At the beginning of the famous "goat" episode, Haddock gets hit on the head by the aerial of his spacesuit. On page 40, panel 1 of the French version, he angrily snaps "si jamais je decouvre le pirate qui m'a fait ce coup de Trafalgar" ("if ever I find the pirate who did that Trafalger blow to me")!

"Coup de Trafalgar" is a reference to the unusual tactic employed by British Admiral Lord Nelson during the Battle of Trafalgar in 1805 in which the British fleet, outnumbered by the combined French and Spanish ships, attacked from the side, splitting them up. This manoeuvre resulted in confusing the French and the Spanish, causing them to lose several ships and thousands of men, while the British lost no ship and only a few hundred men.
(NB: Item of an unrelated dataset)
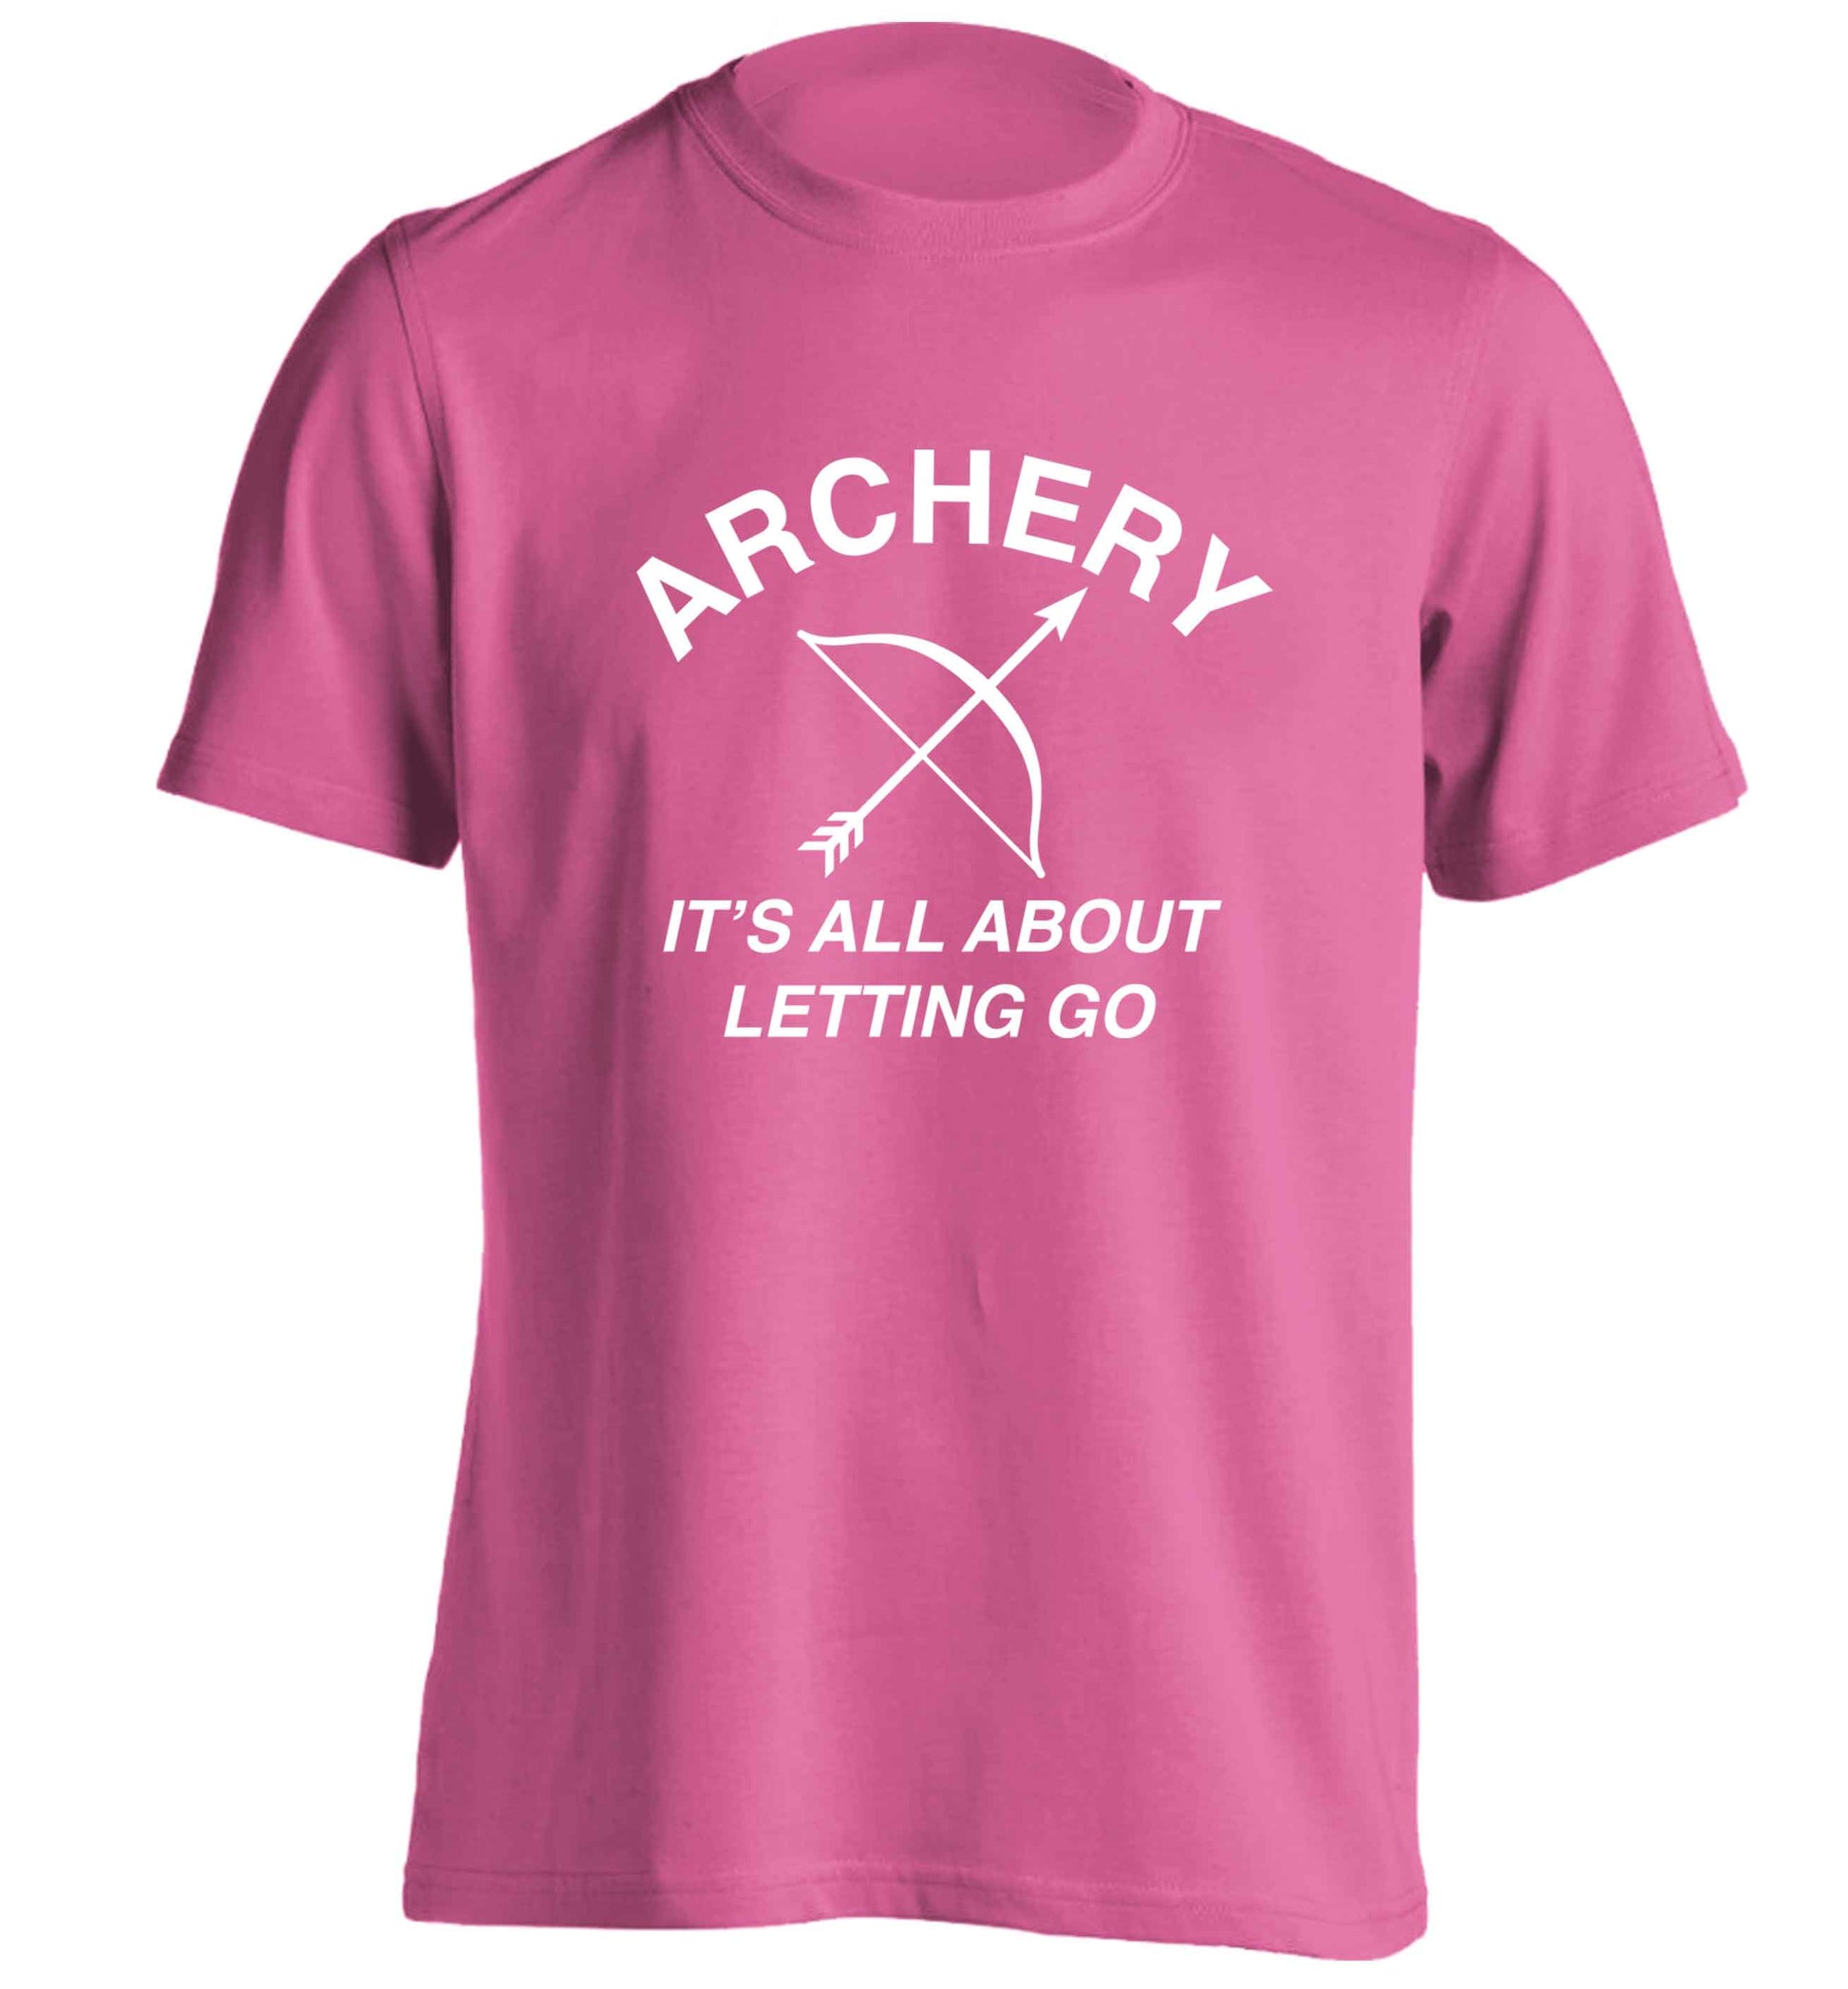 Archery it's all about letting go adults unisex pink Tshirt 2XL

"Coup de Trafalgar" ("a Trafalgar blow") has since become a French expression meaning a disastrous result caused by an enemy's quickness and cunning; just as how Haddock describes the blow to his head which he imagines was done by an unknown third party, whom he also describes as a "pirate".

Given that Trafalgar was a major French defeat, such an expression being used in a negative way by a Frenchman makes sense, especially when you add the remark about a "pirate".

Belgians are mostly seen as anglophiles (Brexit exempted I suppose), so I'd imagine them using the expression as a way of conveying admiration for a positive result.

Archibald Haddock may have been raised in one of the great French seaports like Calais, Marseilles or Brest, hence his favourite French expression of frustration "Tonnerre de Brest" ("Thunder of Brest" which in English becomes "thundering typhoons")!